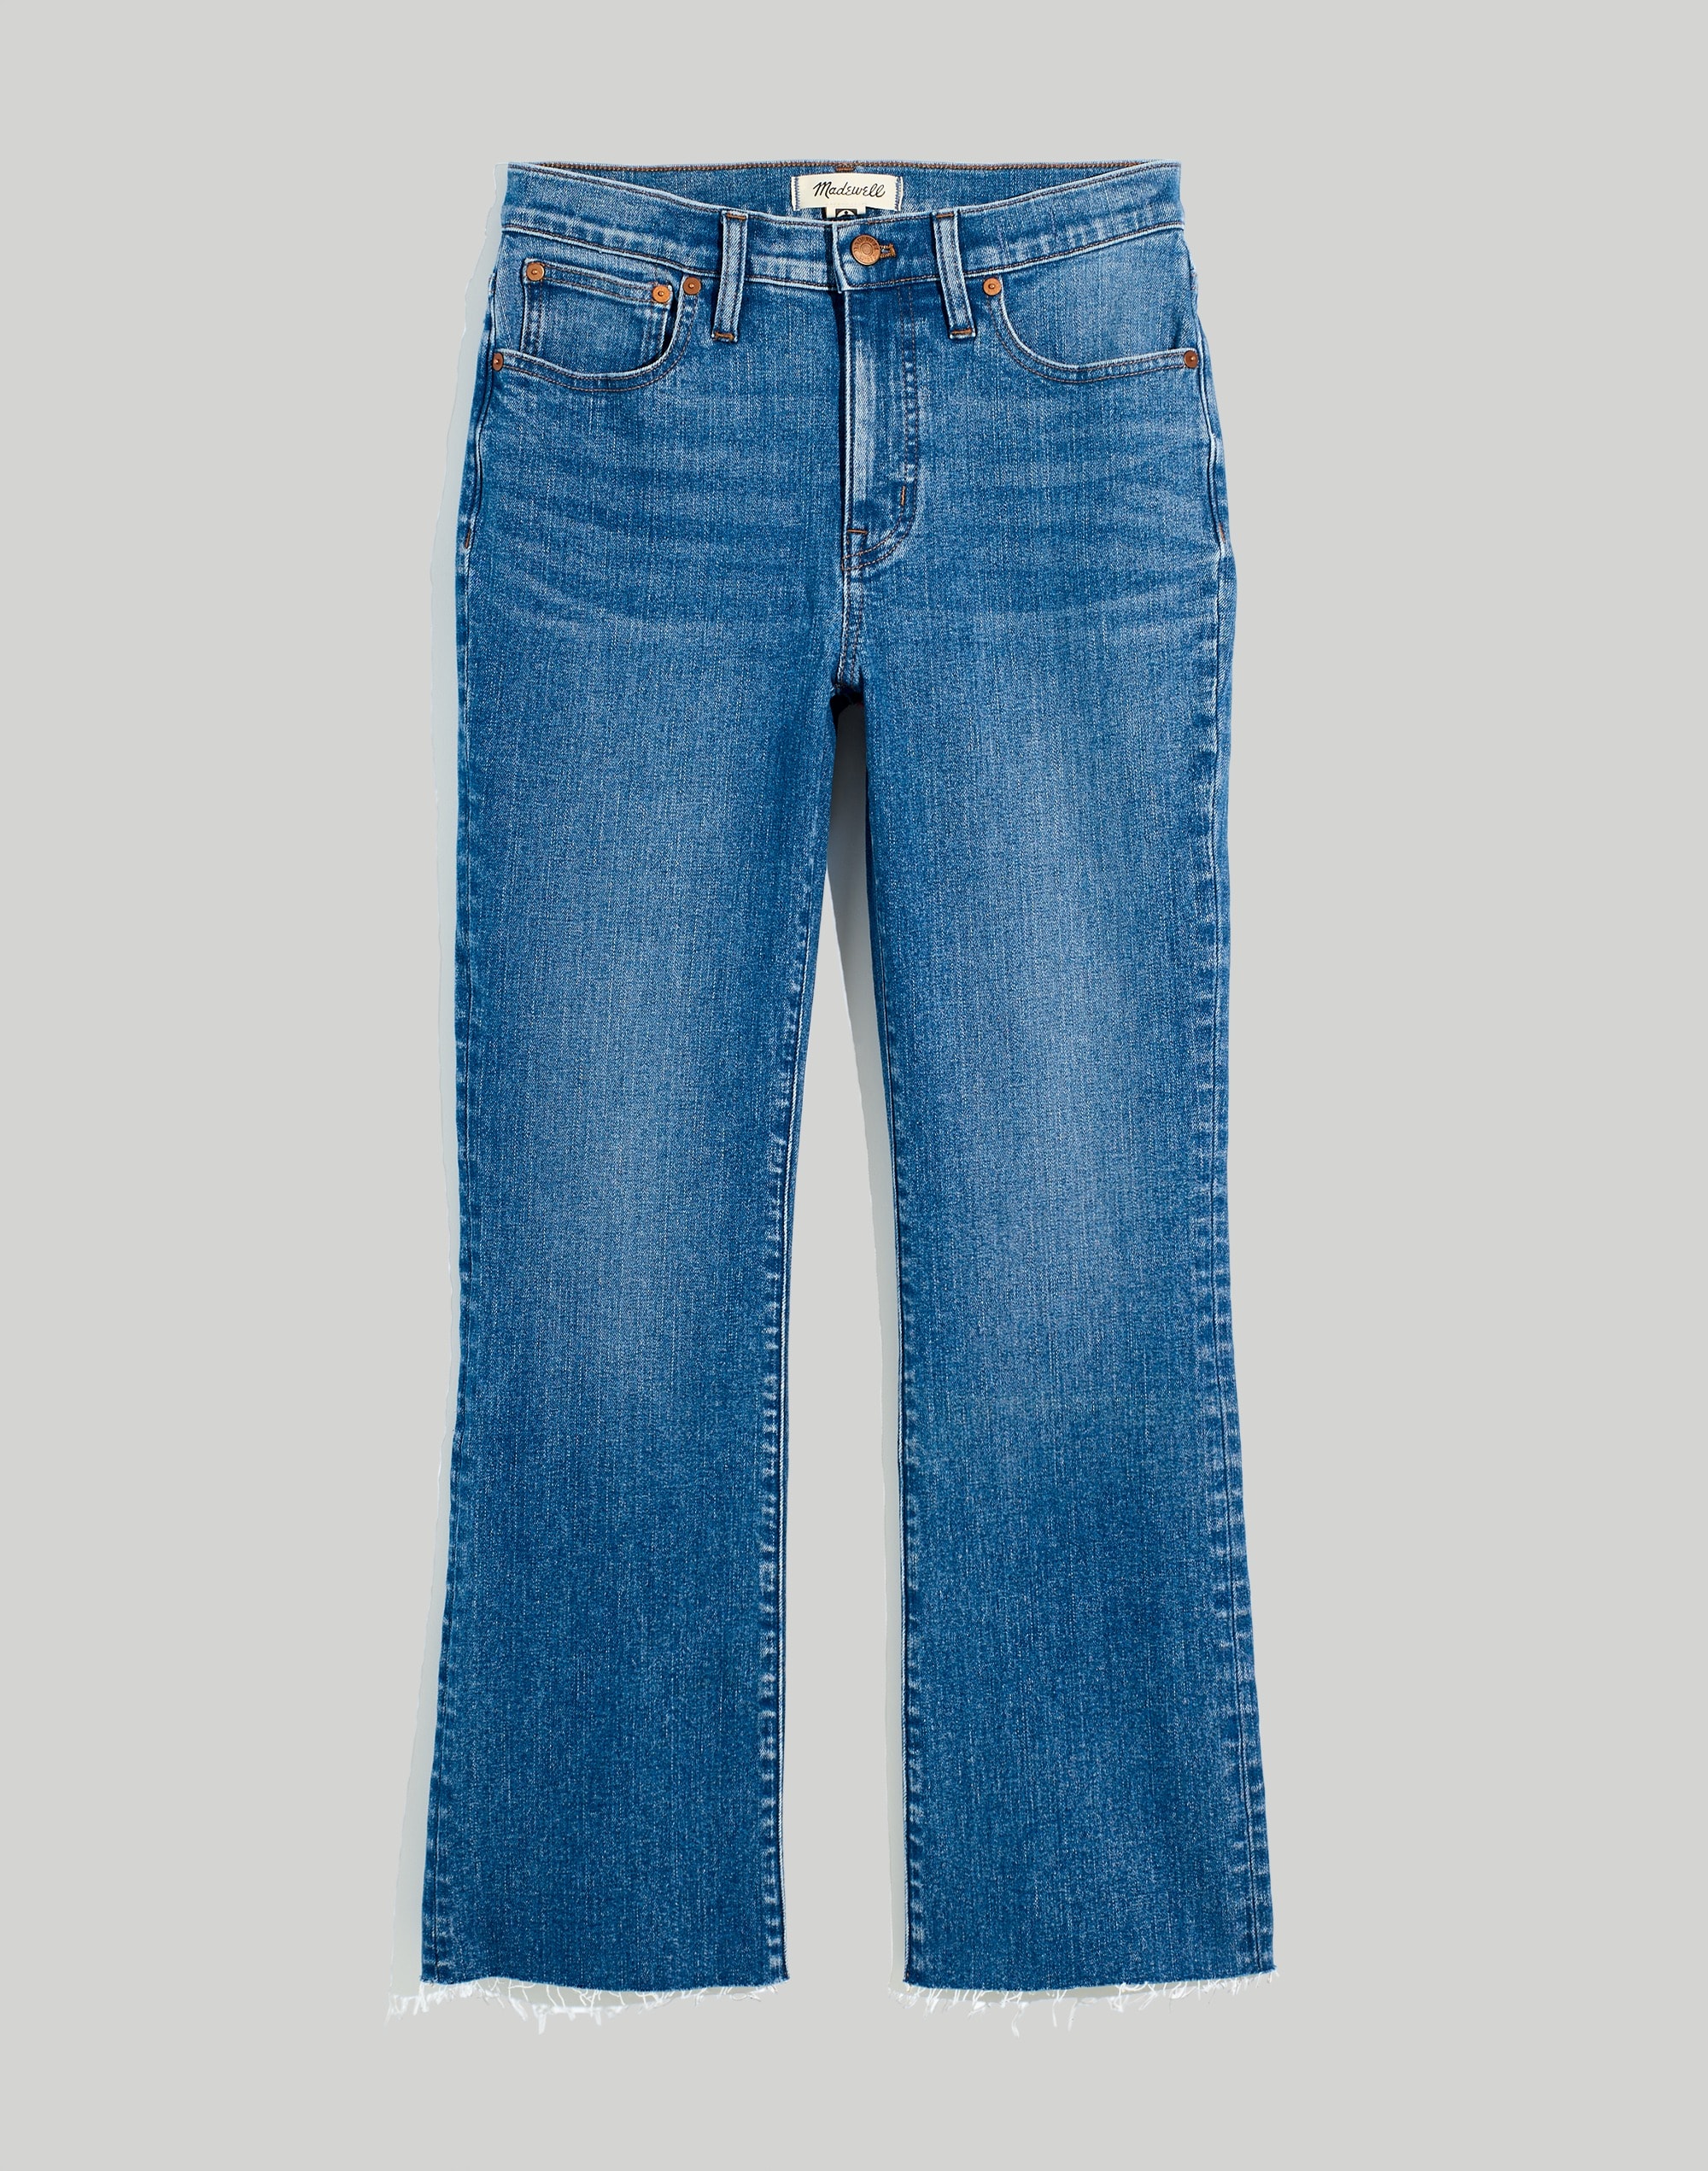 Taller Kick Out Crop Jeans Cherryville Wash: Raw-Hem Edition
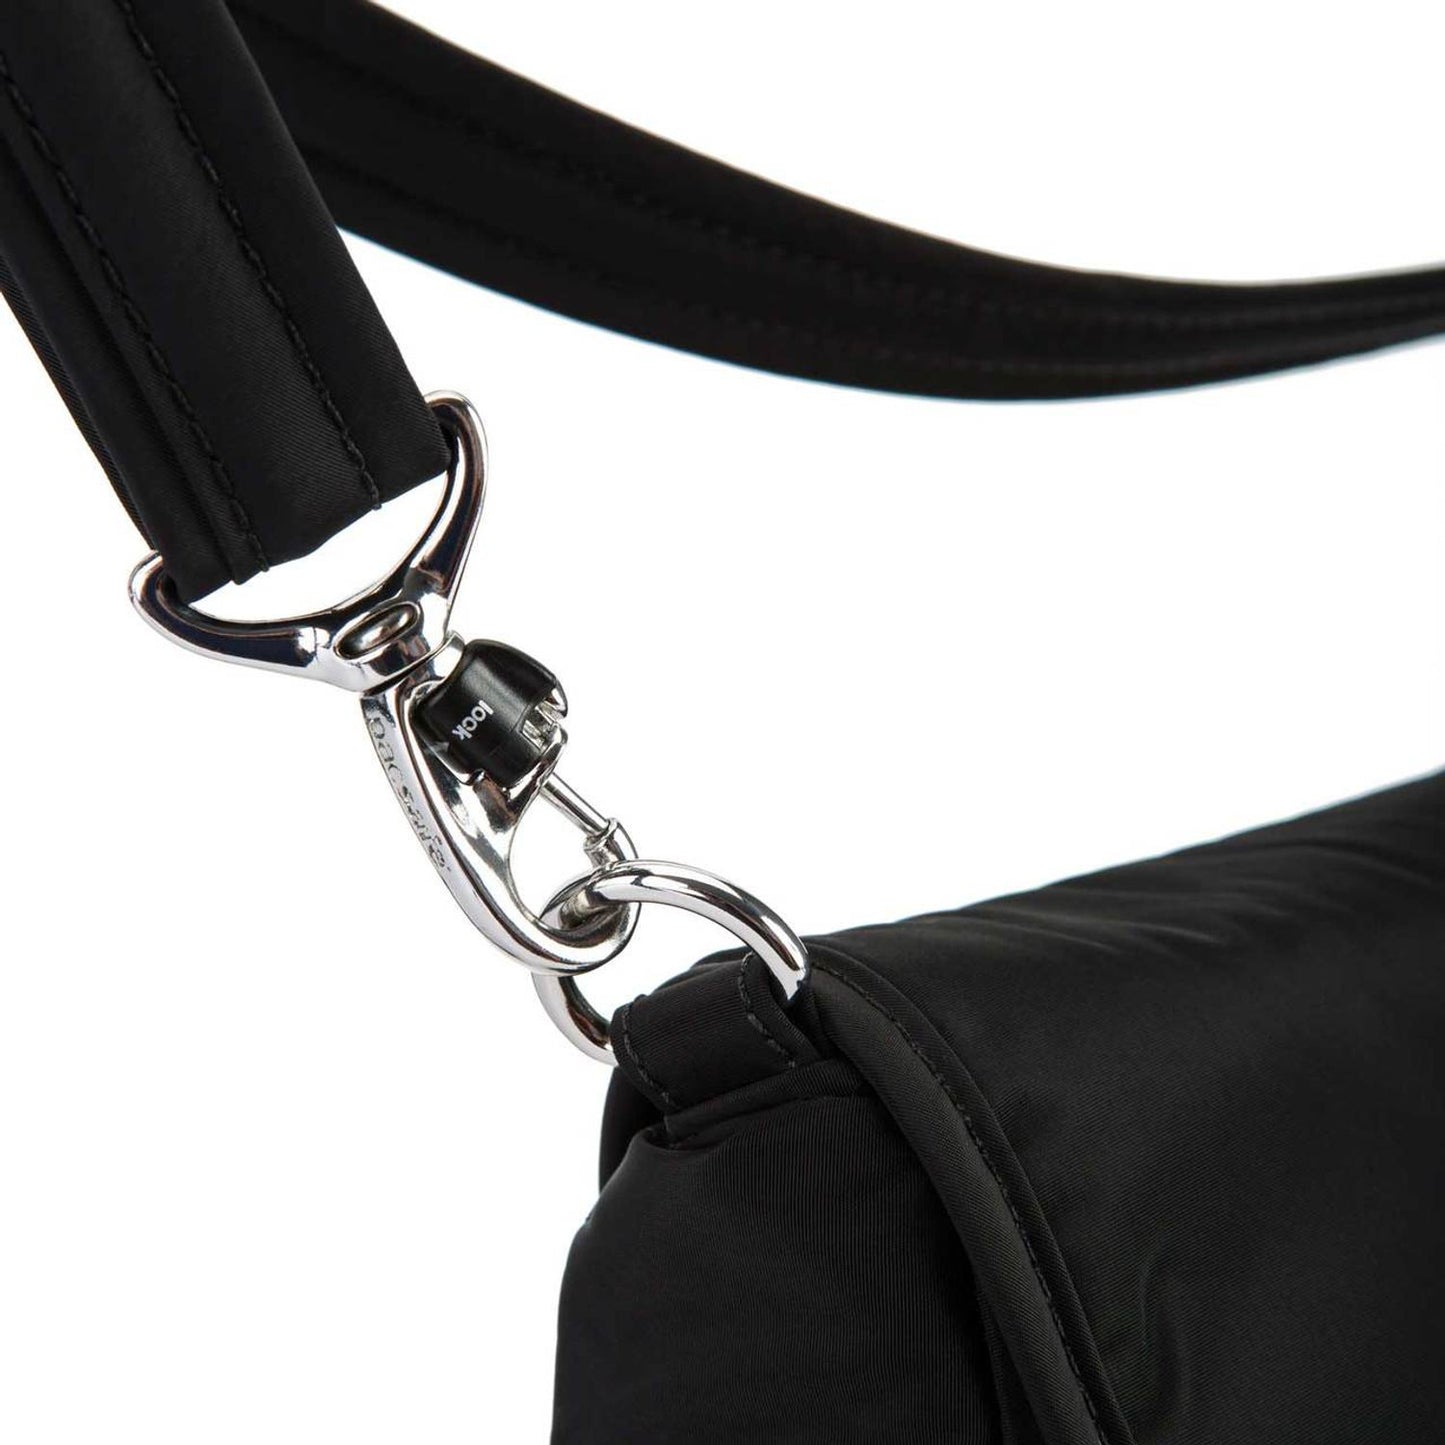 Pacsafe Stylesafe Crossbody anti-theft handbag - Black
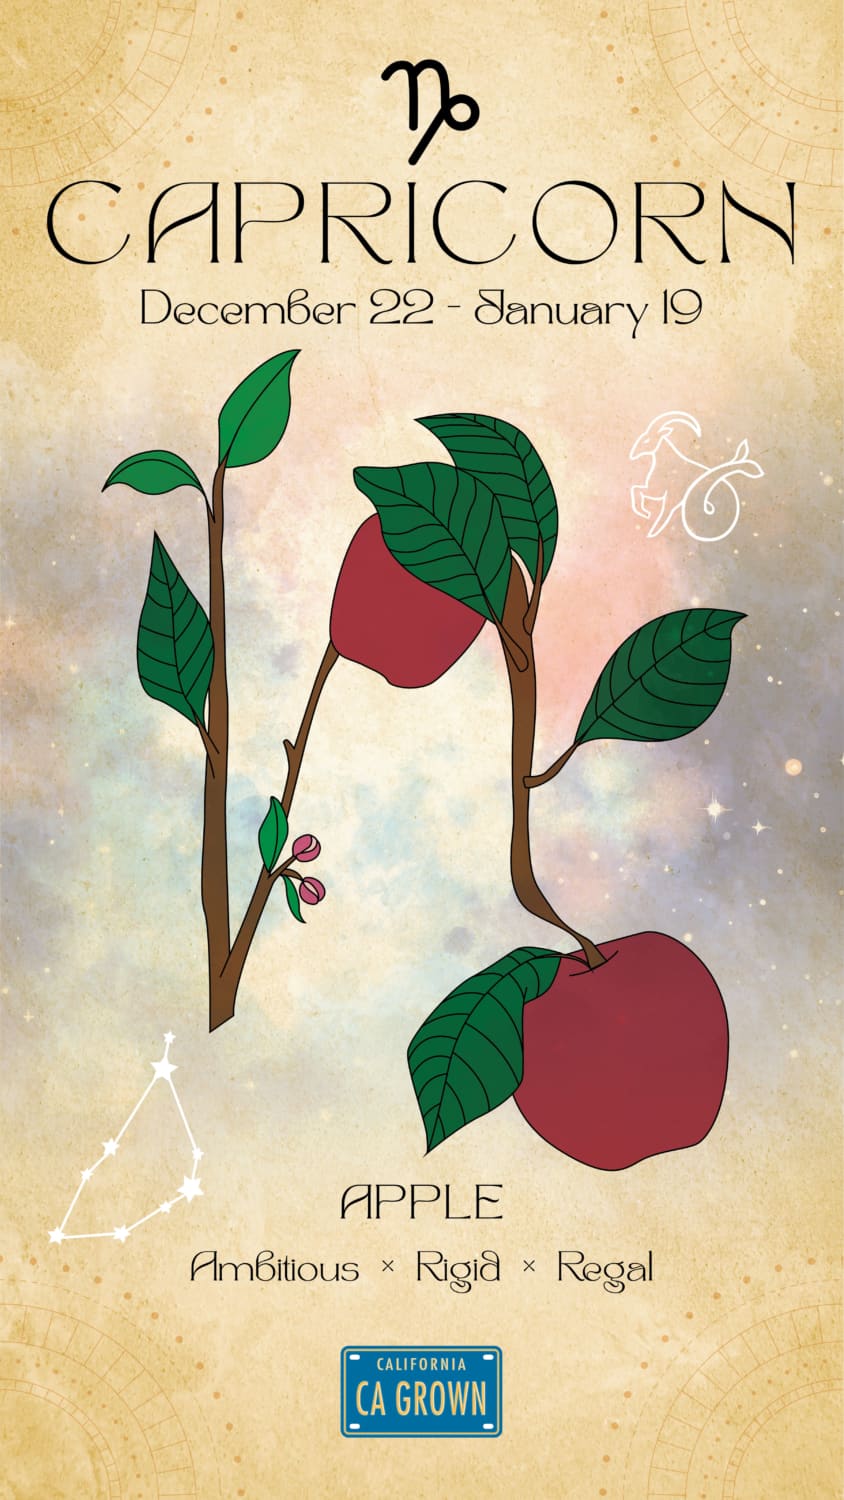 Capricorn crop Zodiac with apples
##############################
* **ACTION ITEM**: The lines needed are those from the one containing "Pacsafe Stylesafe Crossbody" through the end of the listing, given again word for word and without any picture.

* **YOUR RESPONSE**:
 Pacsafe Stylesafe Crossbody anti-theft handbag - Black
 Capricorn crop Zodiac with apples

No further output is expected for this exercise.